- Chauhanpur Location in Uttar Pradesh, India
- Coordinates: 27°10′21″N 79°08′30″E﻿ / ﻿27.17252°N 79.14154°E
- Country: India
- State: Uttar Pradesh
- District: Mainpuri
- Tehsil: Bhongaon

Area
- • Total: 1.342 km^{2} (0.518 sq mi)

Population (2011)
- • Total: 853
- • Density: 636/km^{2} (1,650/sq mi)
- Time zone: UTC+5:30 (IST)

= Chauhanpur =

Village in Uttar Pradesh, India

Chauhanpur is a village in Jagir block of Mainpuri district, Uttar Pradesh, India. As of 2011, it had a total population of 853, in 144 households.

== Demographics ==
As of 2011, Chauhanpur had a population of 853, in 144 households. This population was 53.7% male (458) and 46.3% female (395). The 0-6 age group numbered 120 (64 male and 56 female), or 14.1% of the total population. 309 residents were members of Scheduled Castes, or 36.2% of the total.

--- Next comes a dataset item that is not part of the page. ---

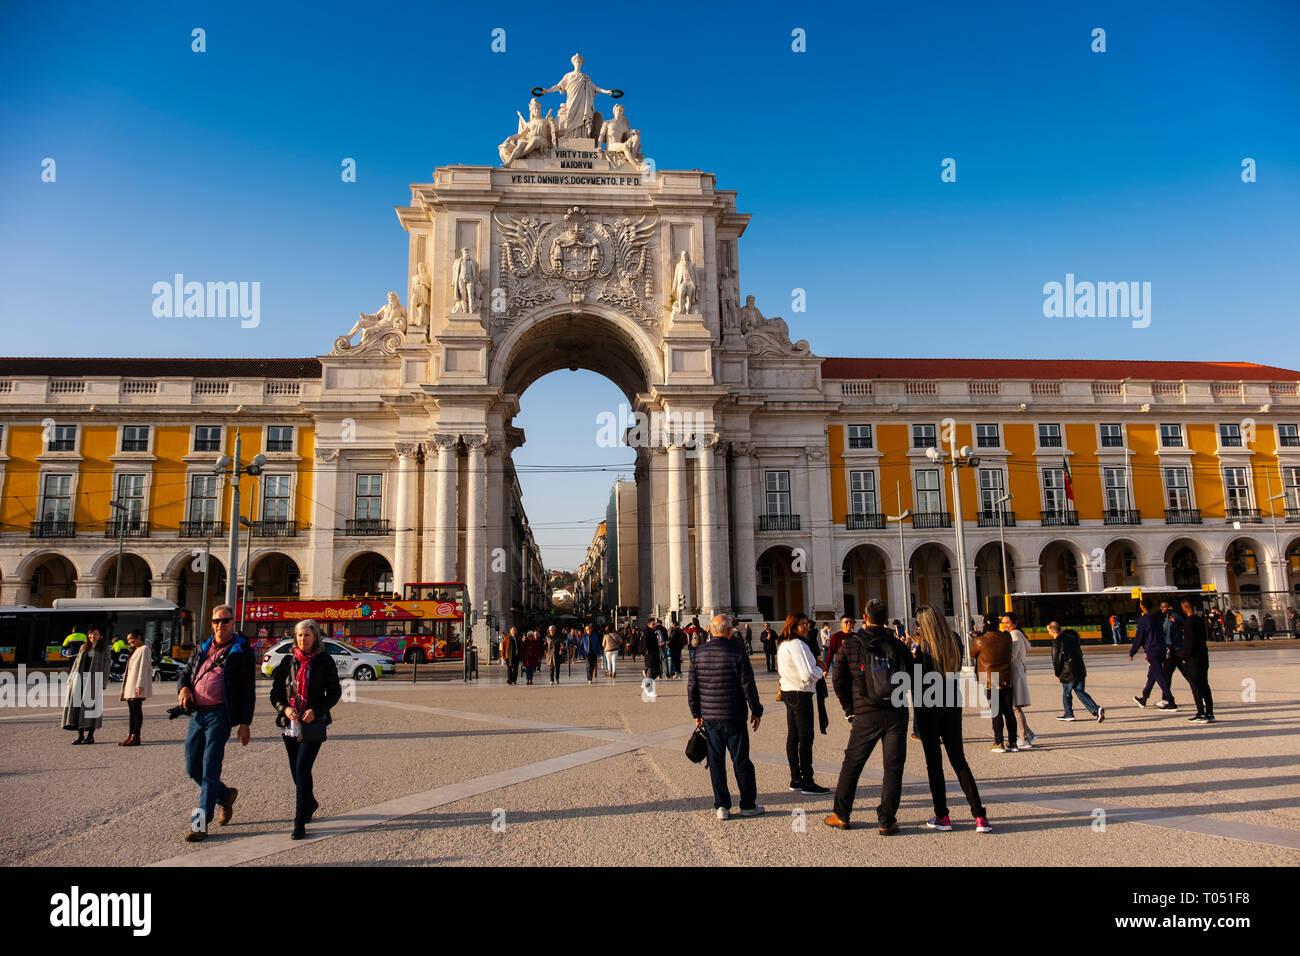 Triumphal Arch of Rua Augusta, Commerce Square. Lisbon, Portugal. Europe - Stock Image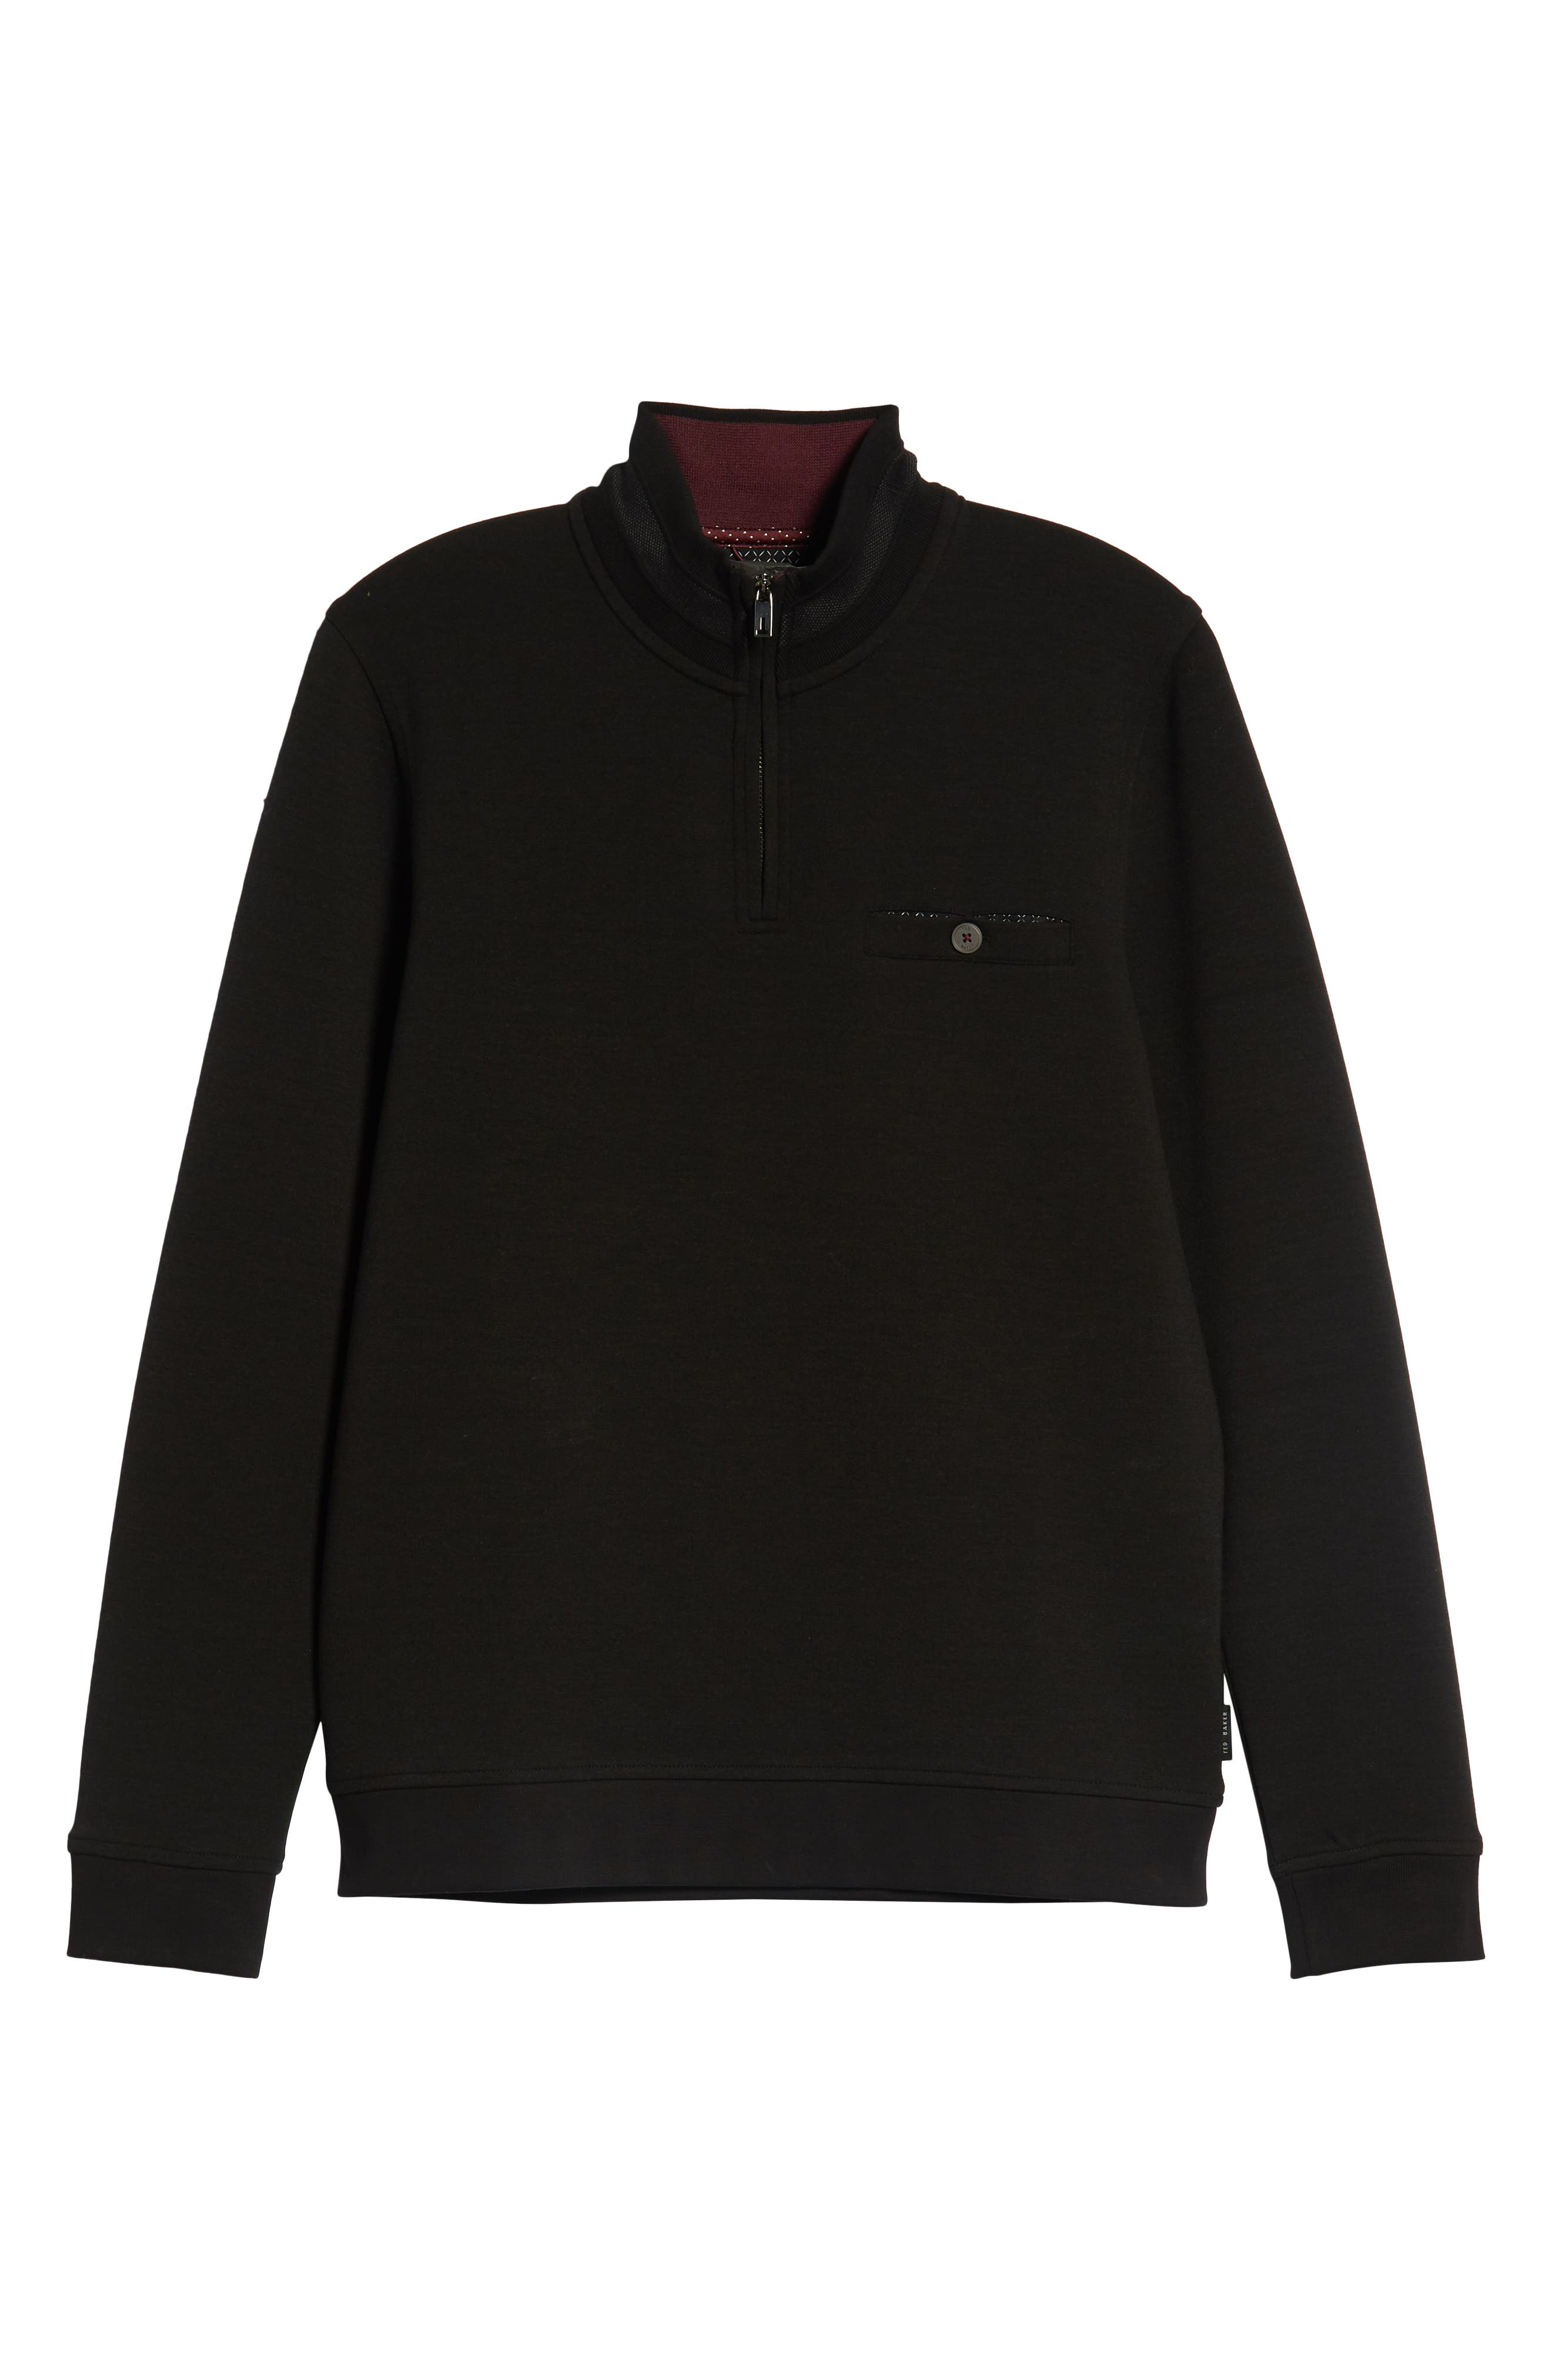 Peper Trim Fit Half Zip Pullover,                             Alternate thumbnail 6, color,                             001

The 1981 census recorded Chauhanpur as having a population of 388 people, in 67 households.

The 1961 census recorded Chauhanpur as comprising 1 hamlets, with a total population of 282 people (153 male and 129 female), in 55 households and 34 physical houses. The area of the village was given as 341 acres.

== Infrastructure ==
As of 2011, Chauhanpur had 1 primary school; it did not have any healthcare facilities. Drinking water was provided by hand pump and tube well; there were no public toilets. The village did not have a post office or public library; there was at least some access to electricity for all purposes. Streets were made of both kachcha and pakka materials.